# GTO praise in Feb STUFF magazine



## ModBoss2 (Nov 13, 2005)

Page 60. "Gearotica wheels"

GTO is one of the three rides that's being praised for being best at what they do:

'06 Maybach 57S $367,000.00
'07 Audi RS 4 $70,000.00
'06 Pontiac GTO $32,995.00

Nice big photo of the GTO 

No Rice, Stangs, Vettes or Dodges in this article.

Oh yeah...Joanna Krupa is also in the issue


----------



## dealernut (Oct 22, 2005)

WOW!!!! I will have to buy that one. Excellent news!!!!


----------



## Ironmancan (Feb 11, 2006)

Damn it I went to the store today to pick one up but they only had the Mar edition. Think you could show us the article?


----------



## ModBoss2 (Nov 13, 2005)

Ironmancan said:


> Damn it I went to the store today to pick one up but they only had the Mar edition. Think you could show us the article?

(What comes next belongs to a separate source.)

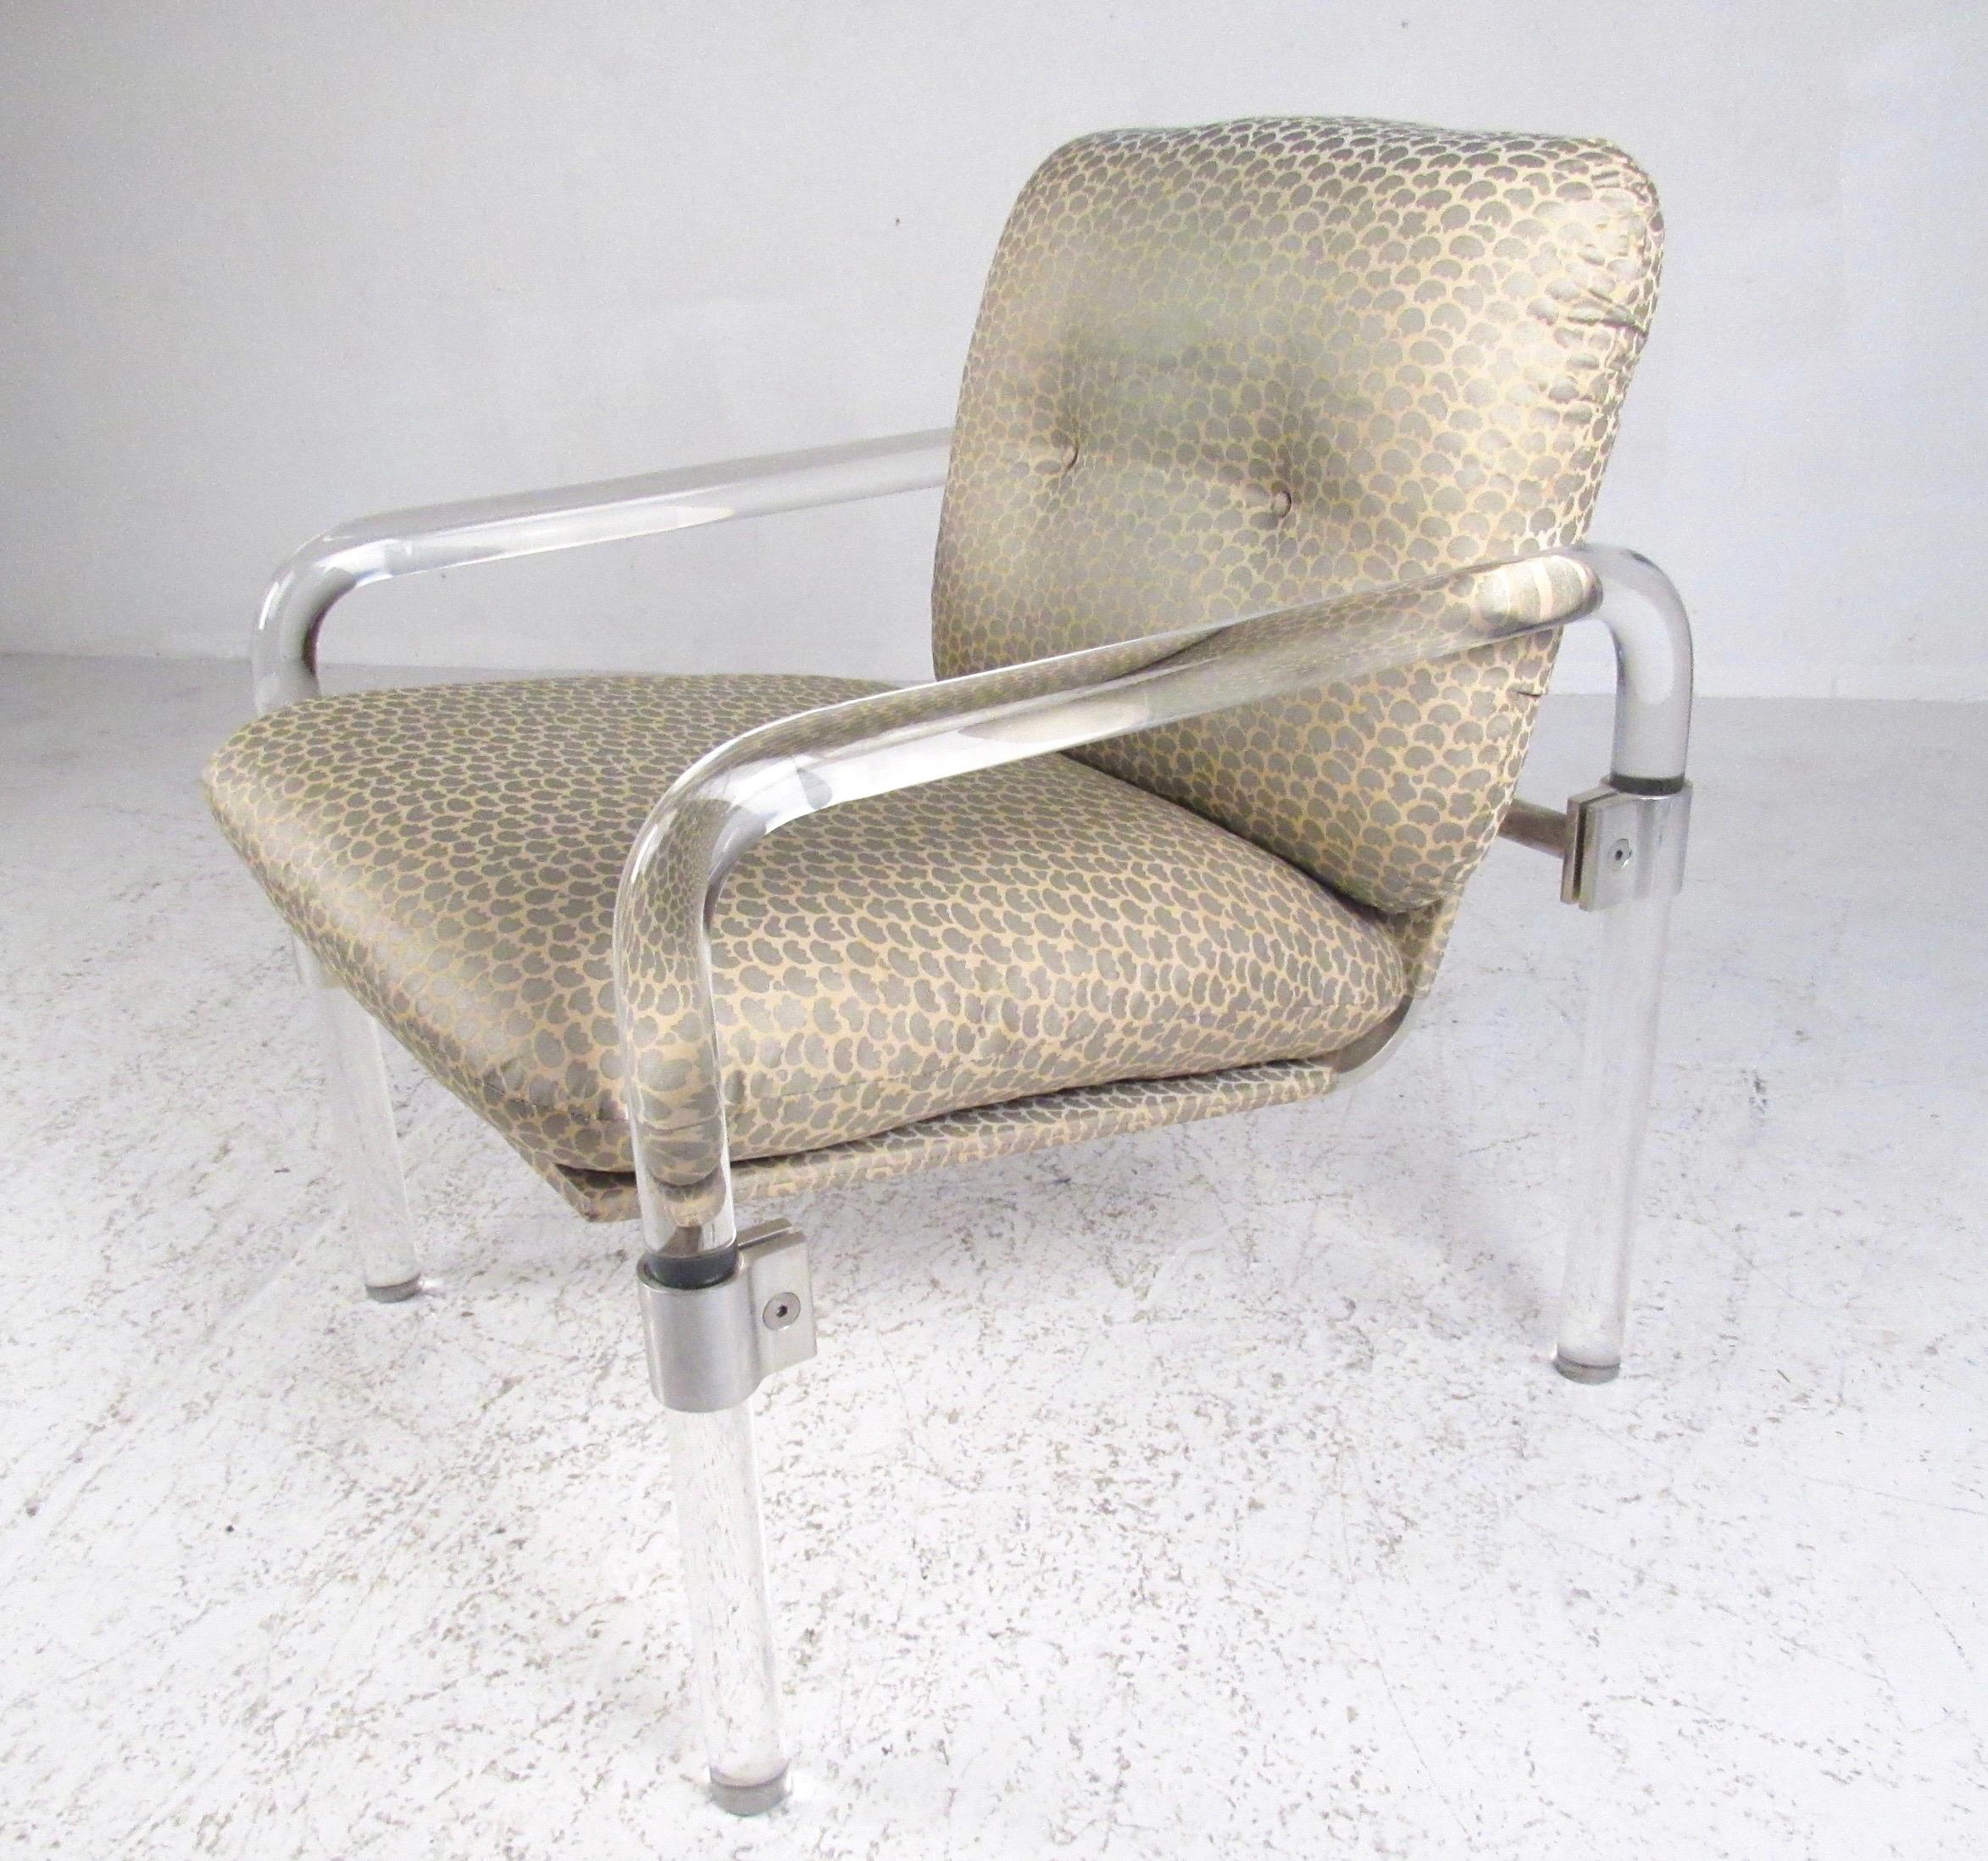 Dieser auffällige Designer-Sessel verfügt über einen formschönen Lucite-Rahmen mit Stahlbeschlägen, der durch einen schönen Vintage-Stoff ergänzt wird. Signiert von dem Designer Jeff Messerschmidt, 1977. Teil seiner 
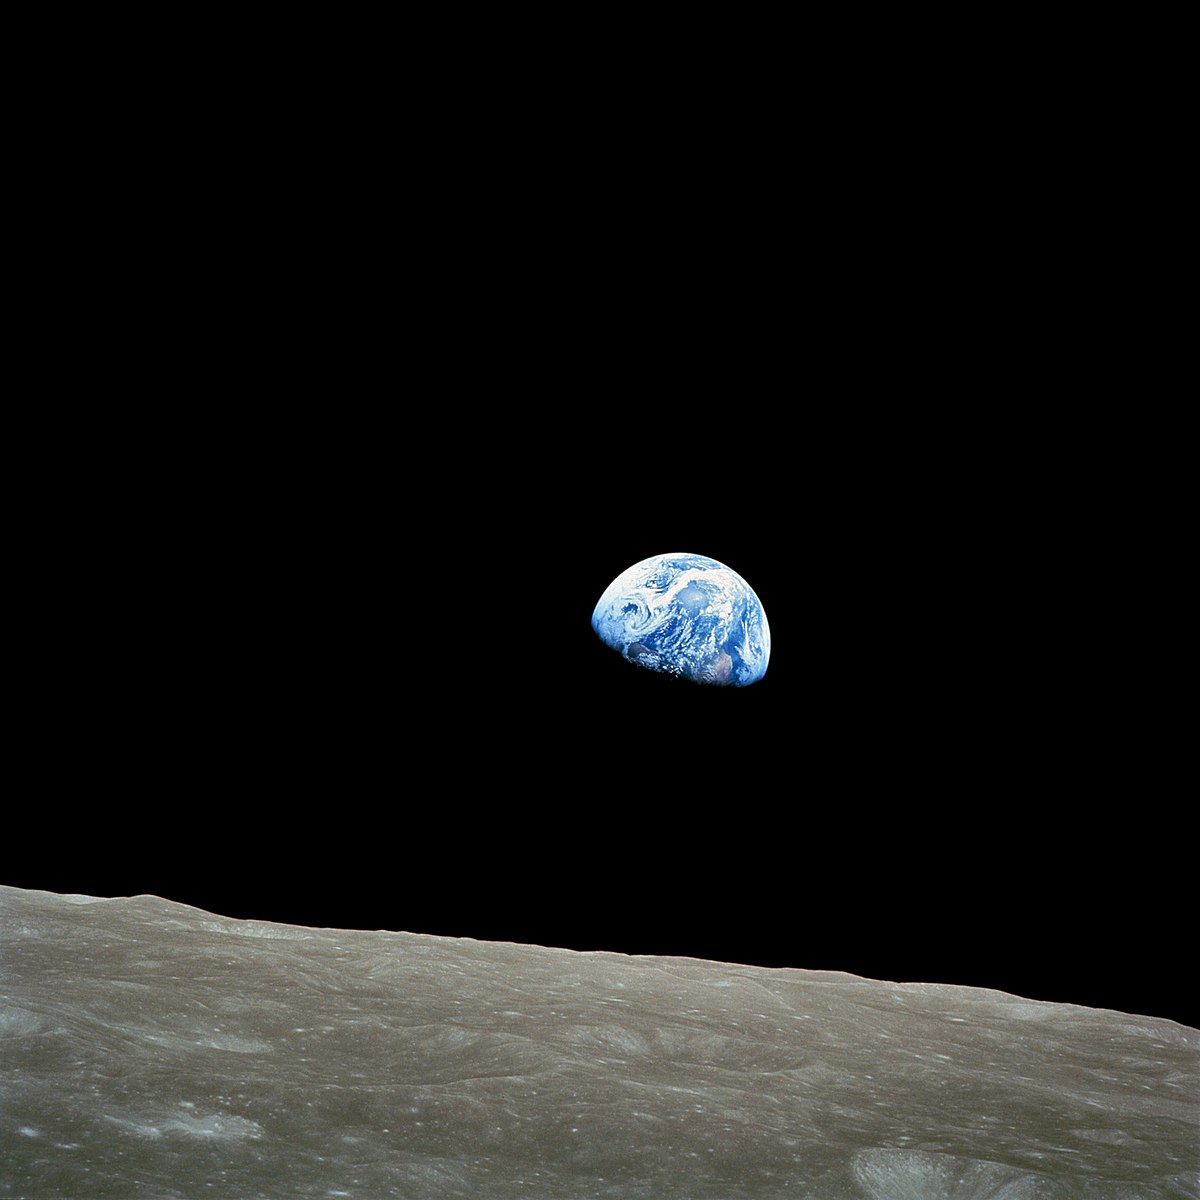 Earthrise, la primera foto de la Tierra desde la Luna.

Sorry. No, don't have a scanner.


----------



## Ironmancan (Feb 11, 2006)

Thats cool sooner or later I'll find one laying around. Thanks anyway!:cheers


----------



## I Stall Automatics (Aug 10, 2005)

I also couldn't find the Feb Stuff in stores :|


----------



## StarCaller (Jul 12, 2005)

here we go......


----------



## Ironmancan (Feb 11, 2006)

StarCaller said:


> here we go......



??:confused


----------



## StarCaller (Jul 12, 2005)

Ironmancan: just click the writing....


----------



## Ironmancan (Feb 11, 2006)

I've always been mentally challenged Thanks:cheers


----------



## GOATGIRL (Feb 6, 2006)

Ironmancan said:


> I've always been mentally challenged Thanks:cheers


That's alright...we love you anyway!


----------



## Reno'sGoat (Dec 10, 2004)

Some positive news is better than no news. Don't see enough of these articles. For the price you can't go wrong. :cheers


----------



## PONTIACSTYL (Feb 21, 2006)

Why is it you never see any commercials or ads for the GTO Its like they weren't trying to sell them?


----------



## BigNick (Jan 7, 2005)

I have only ever seen most of the GTO commercials on the SPEED channel.

Except the 2004 commercial where they showed the 3 Pontiacs in the garage, think it was a Grand Am GT, Bonneville GXP and the GTO does a e-brake 180 and backs into the garage, I think that was on regular network TV in 2004.


----------



## btchplz (Mar 12, 2005)

Or the one of the '05 waiting at a red light and waited until another car came up to the red light, then rev'ed the engine. That one was pretty cool. But you are right, I think I only saw that one on Speed Channel.


----------



## I Stall Automatics (Aug 10, 2005)

Yeah I've only seen one on the Speed channel. :/


----------



## Ninjured (Apr 28, 2006)

they played quite a few GTO commercials during march madness....

that's the only time I've seen them


----------